Arsenic (As) contamination in one of the most serious water quality concern due to its toxic effects and worldwide availability. To avoid its poisoning effects, especially in the form of As(V), it is important to develop new techniques for its treatment. The current study was conducted to investigate the As(V) removal from aqueous systems using silver (Ag) nanoparticles (NPs).
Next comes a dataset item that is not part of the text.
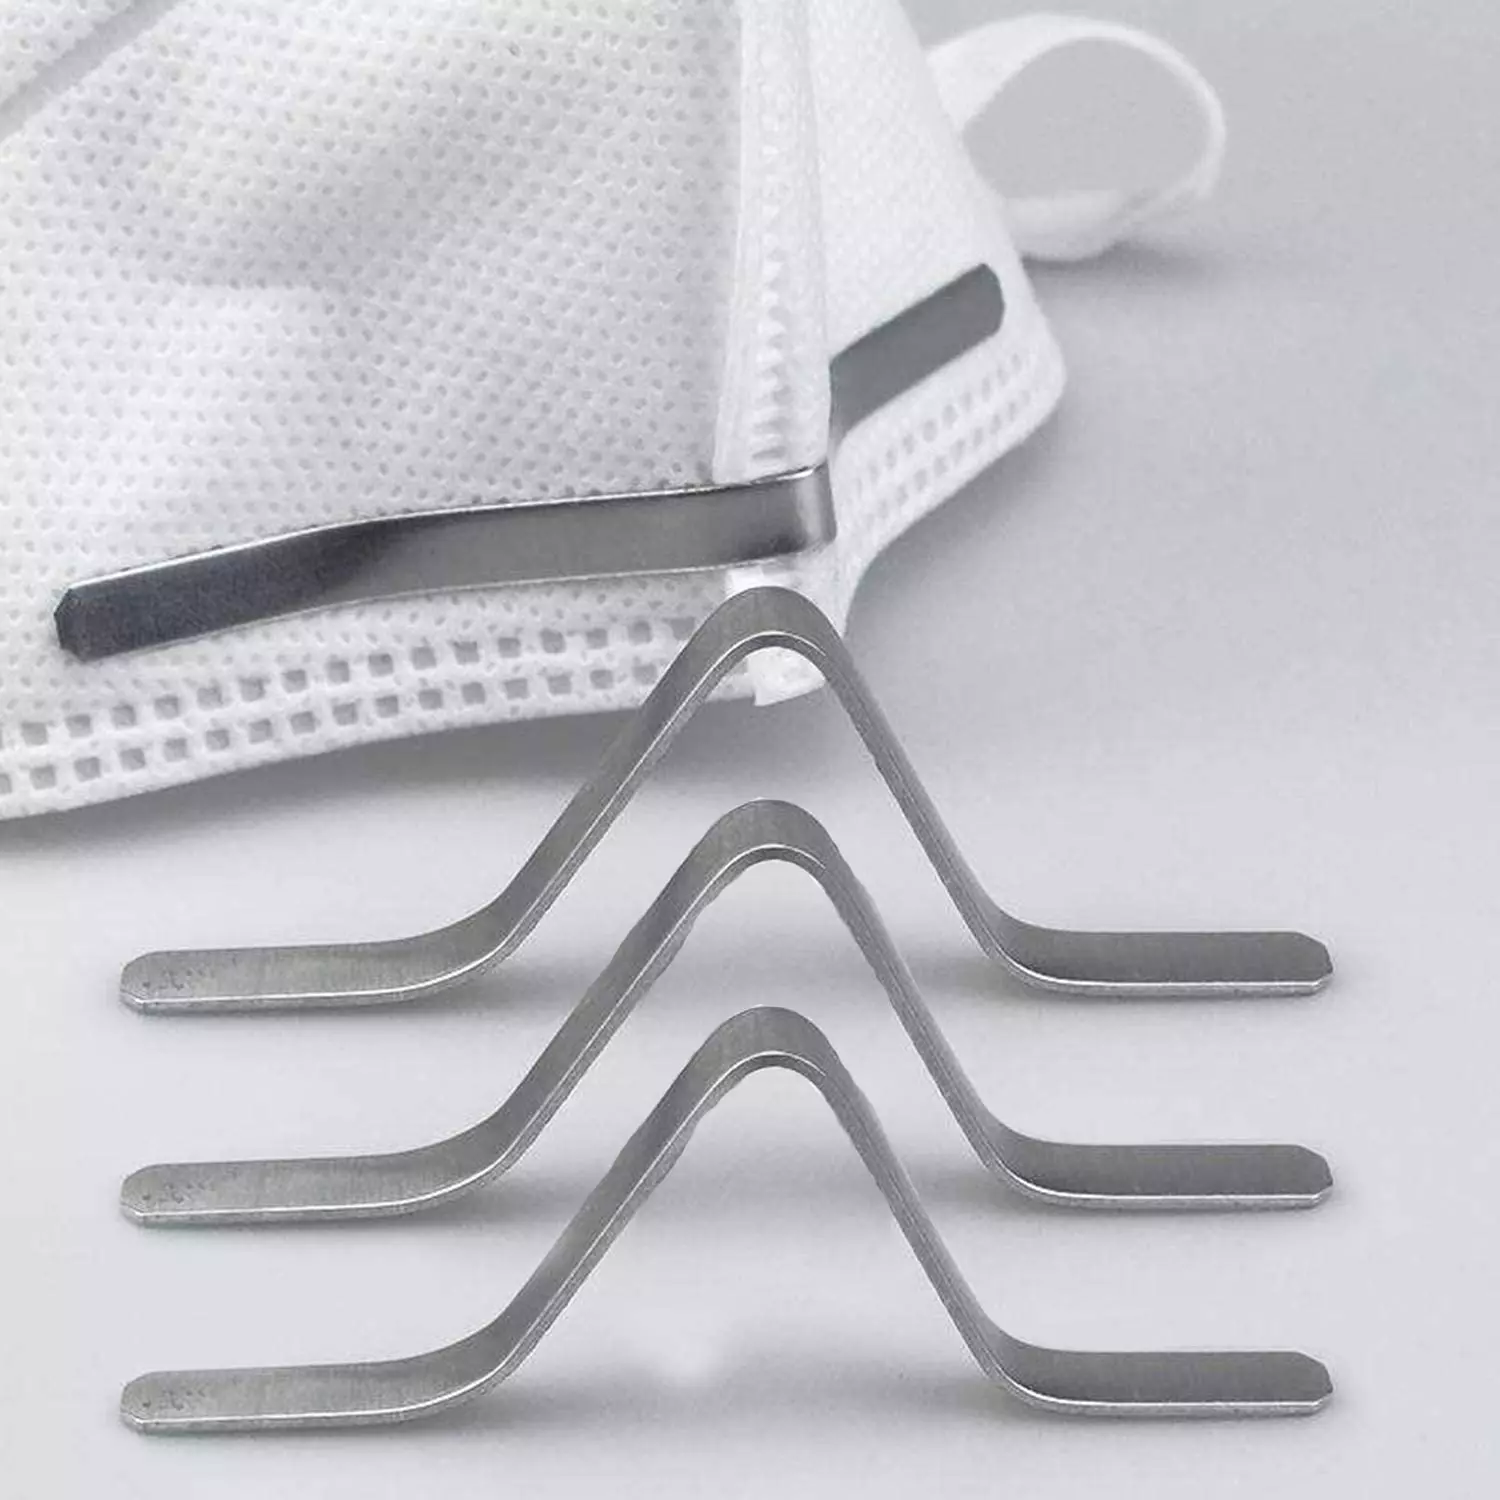 3.54 Inch Adhesive Aluminum Strips Nose Bridge Strips Aluminum Strip Straps for DIY Crafts Face Cover Making Supplies 50 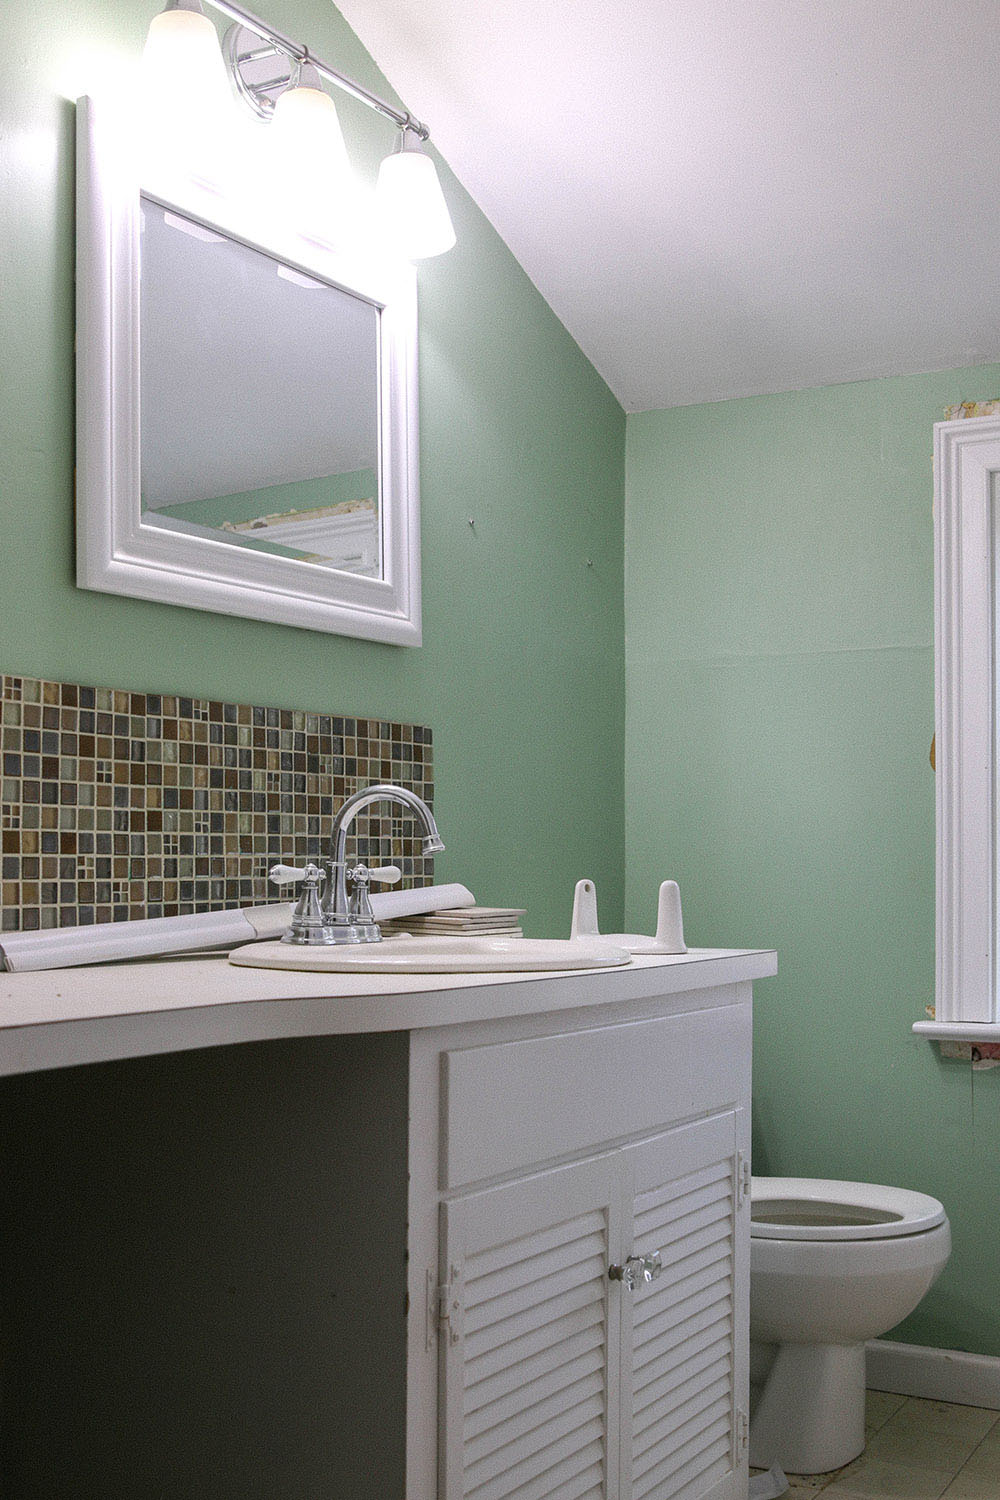 A bathroom with green walls and an old white vanity.

The Ag NPs were synthesized through a simple method by using Vernonia Anthelmintica (L.) plant extract and characterized by using UV-visible spectroscopy, Fourier transform infrared (FT-IR) spectroscopy, X-ray diffraction (XRD), Energy dispersive X-ray (EDX) spectroscopy and Scanning electron microscopy (SEM). The removal of As(V) was tested with respect to time, optimum dose, effect of light and pH, treatment with ultra-sonication and continuous flow process. The results showed that Ag NPs can effectively remove As(V) from aqueous systems in the presence of sunlight (100%), ultra-sonication process (100%), neutral pH (100%), and continuous flow (71.6%). While the same NPs could not show effective removal of As(V) with respect to low dose (15%), darkness (38.9%), low pH of 3.4 (21.4%) and high pH of 11 (11.1%). Using Ag NPs can reduce As(V) to the permissible limits set by World health organization (WHO). Moreover, the Ag NPs work efficiently in sunlight and in the neutral pH range, therefore adjustment of pH is not required to activate these NPs.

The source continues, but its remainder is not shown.